Compared to the phylogeny made with genomic SSR  a single difference was observed in our representation. It concerns the genetic diversity between citrus genera. The trifoliate orange (Poncirus trifoliata) joins the cluster of citron-limes-lemon while kumquat (Fortunella japonica) remains genetically distant to other citrus. In previous work  about genetic relationships based on genomic SSRs, the situation was inverted wherein Fortunella species were much more closely related to the four other Citrus (mandarins, pummelos, citrons and papedas), and the group of Poncirus accessions were very distant to all others. This difference could be related by the overrepresentation of kumquat diversity in our study or by a real difference of polymorphism rate between genomic SSRs and EST-SSRs. A similar study on a larger citrus sampling could be suitable to resolve this question. We can not compare the transferability of EST-SSR and genomic SSRs, but a large majority of EST-SSR markers could be used to investigate the genetic of citrus relatives. Indeed, only 10% of those EST-SSR markers gave unsuccessful amplification in Box orange (Severinia buxifolia).
EST-SSR marker for citrus genome mapping
Citrus have a juvenility period with around 5 years of duration limiting the possibility to work on a second generation of hybrids. Consequently a lot of citrus genetic maps are established on F1 progenies at interspecific  and intergeneric level [26–31]. In order to evaluate the proportion of mappable EST-SSR markers we have calculated the percentage of heterozygous markers informative for all combinations between 15 sexually compatible citrus genotypes, currently used or susceptible to be used in citrus genetic programs.
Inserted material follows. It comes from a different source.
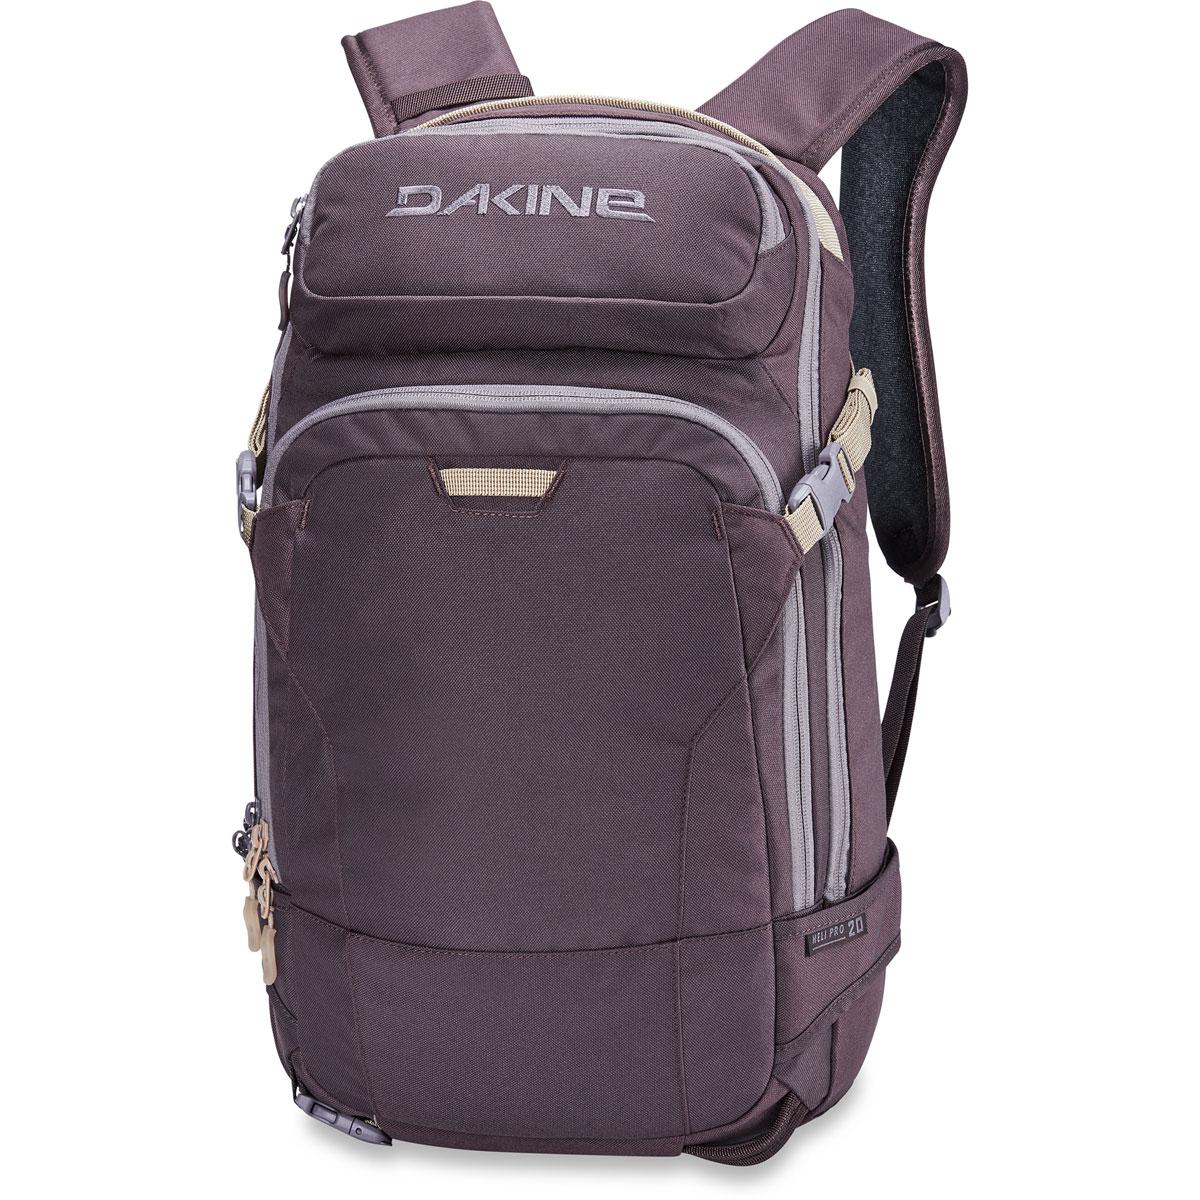 Dakine - Heli Pro 20L - Ski touring backpack - Women's

Table 4 represents a tool for the selection of the sexual cross most suitable for a higher efficiency of mappable markers associated to the better situation for comparison of both parental maps. Higher percentages of markers are available to map secondary species of cultivated citrus than to establish genetic maps of the three basic taxa (citron, mandarin, pummelo). As a result, a very low rate of EST-SSR markers is usable to make comparative genetic mapping between these three basic taxa: it is only 3% for Citron/Pummelo, 3% for Citron/Mandarin (cv Cleopatra) and around 9% for Pummelo (cv Pink)/Mandarin (cv Cleopatra).
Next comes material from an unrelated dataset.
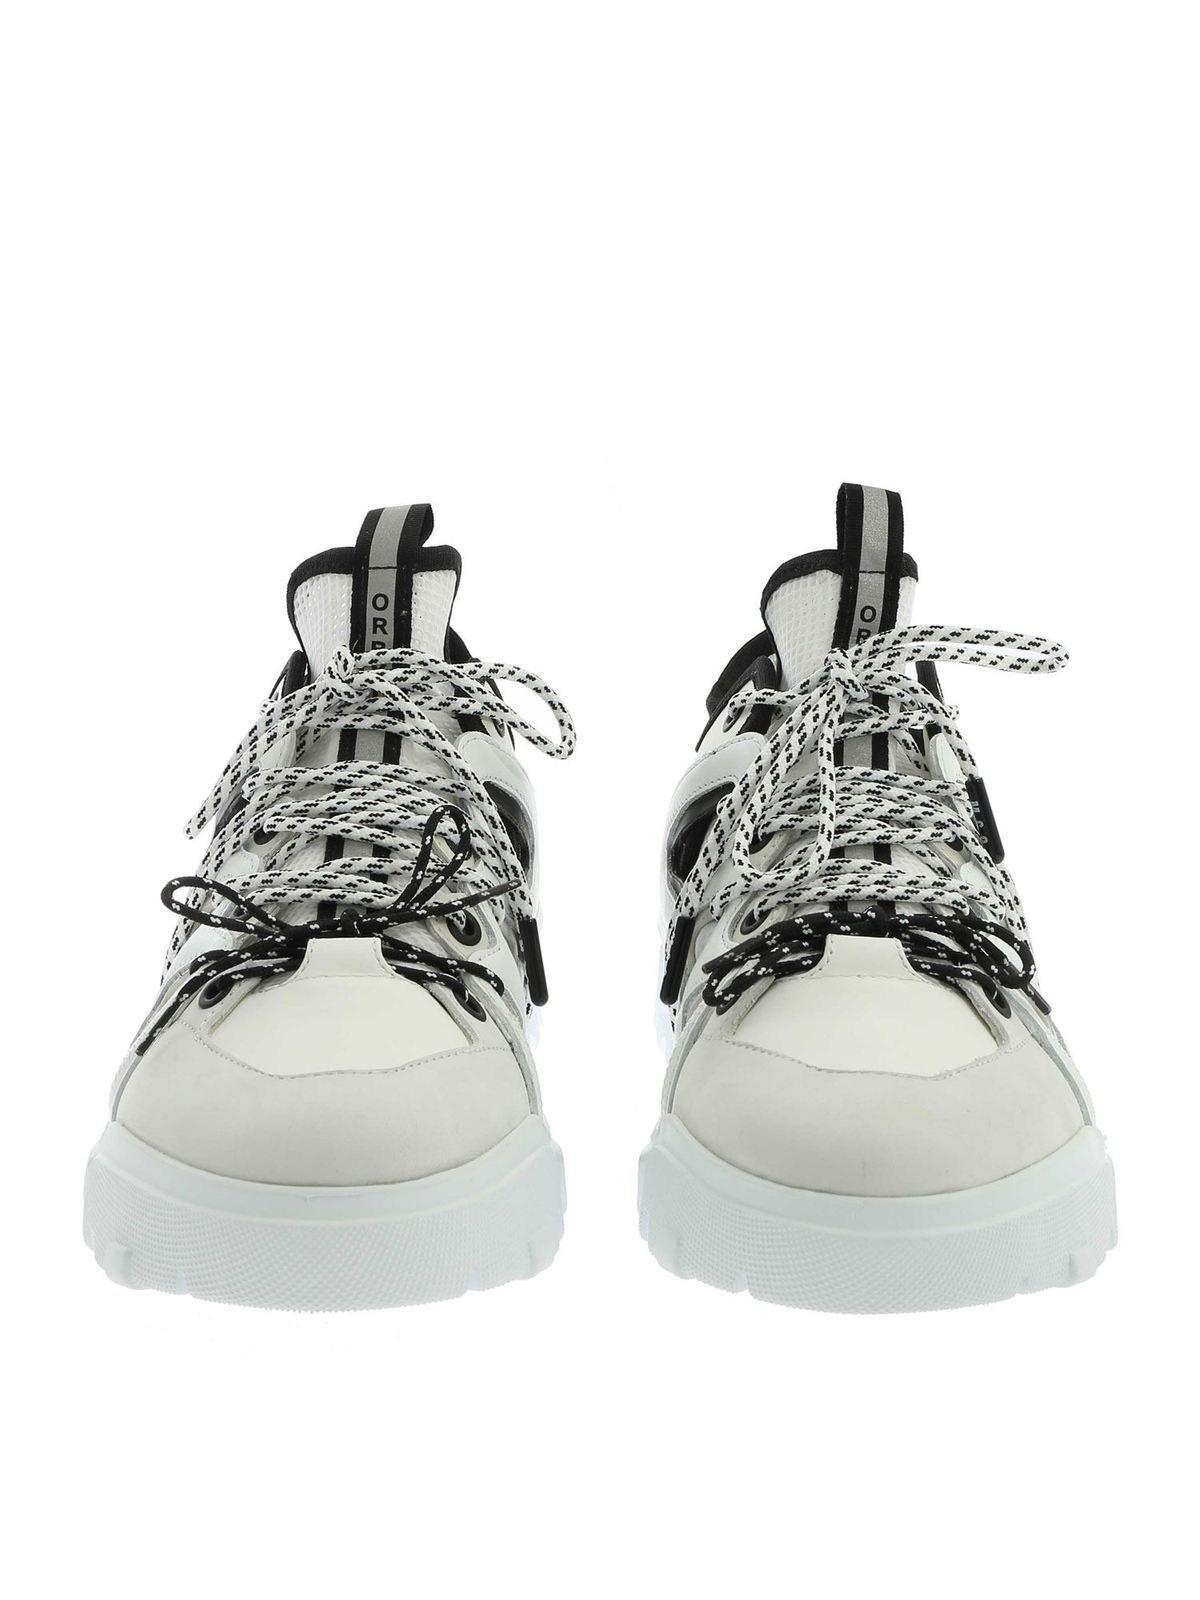 alexander mcqueen white trainers

It is clear that the best way to map the higher number of markers in a single progeny is to work on segregation of interspecific or intergeneric crosses. Citrus × Poncirus progenies have been highly investigated [11, 54–59]. A recent work on EST genetic maps for Citrus sinensis and Poncirus trifoliata was published . For these maps the authors have studied the segregation of 300 pairs of primers generating EST-SSR markers on the intergeneric progeny sweet orange × trifoliate orange. Among them 141 markers (47%) were mapped and distributed as following: 122 markers (40.7%) on sweet orange map, 59 (19.7%) on trifoliate orange one and 40 (13.3%) were commune to both. These values were very similar to those proposed in our work (table 4 and 5) where for the same parental cross we have estimated at 52% of of mappable EST-SSR markers and 40%, 29% and 17% respectively for orange, trifoliate orange maps and commune markers. This mapping work was done with a majority of non abundant SSRs in ESTs such as compound, tetra-, penta- and hexa-nucleotide repeats. Di and tri-nucleotide SSRs represent only 26.7% of the total studied SSR markers.
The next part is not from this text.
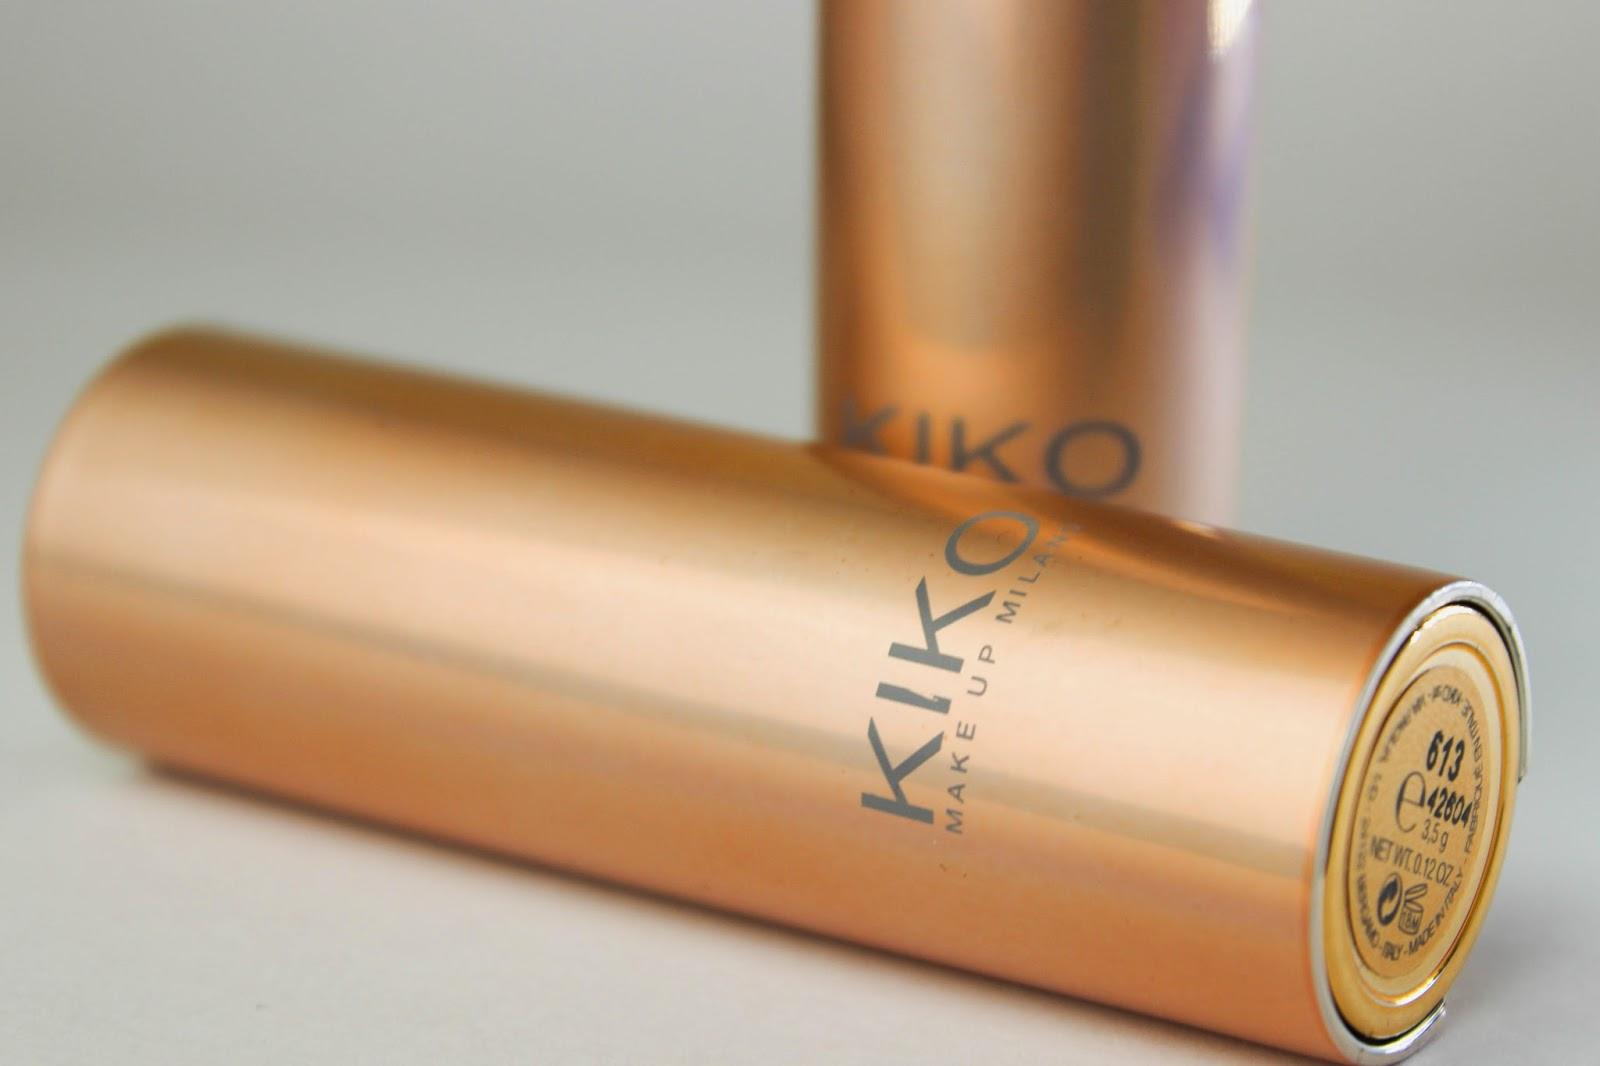 KIKO Velvet Matte Lipsticks Review Swatch 605 Orange Red 613 Pink Carnation

On the base of the genetic differentiation observed in our cluster analysis, it appears that in this frame, interesting progenies should be obtained from F1 hybrids between citron and pummelo, citron and mandarin, as well between poncirus or kumquat with citron or mandarin or pummelo. Such intrageneric progenies should probably have more interest for further QTLs analysis of quality traits.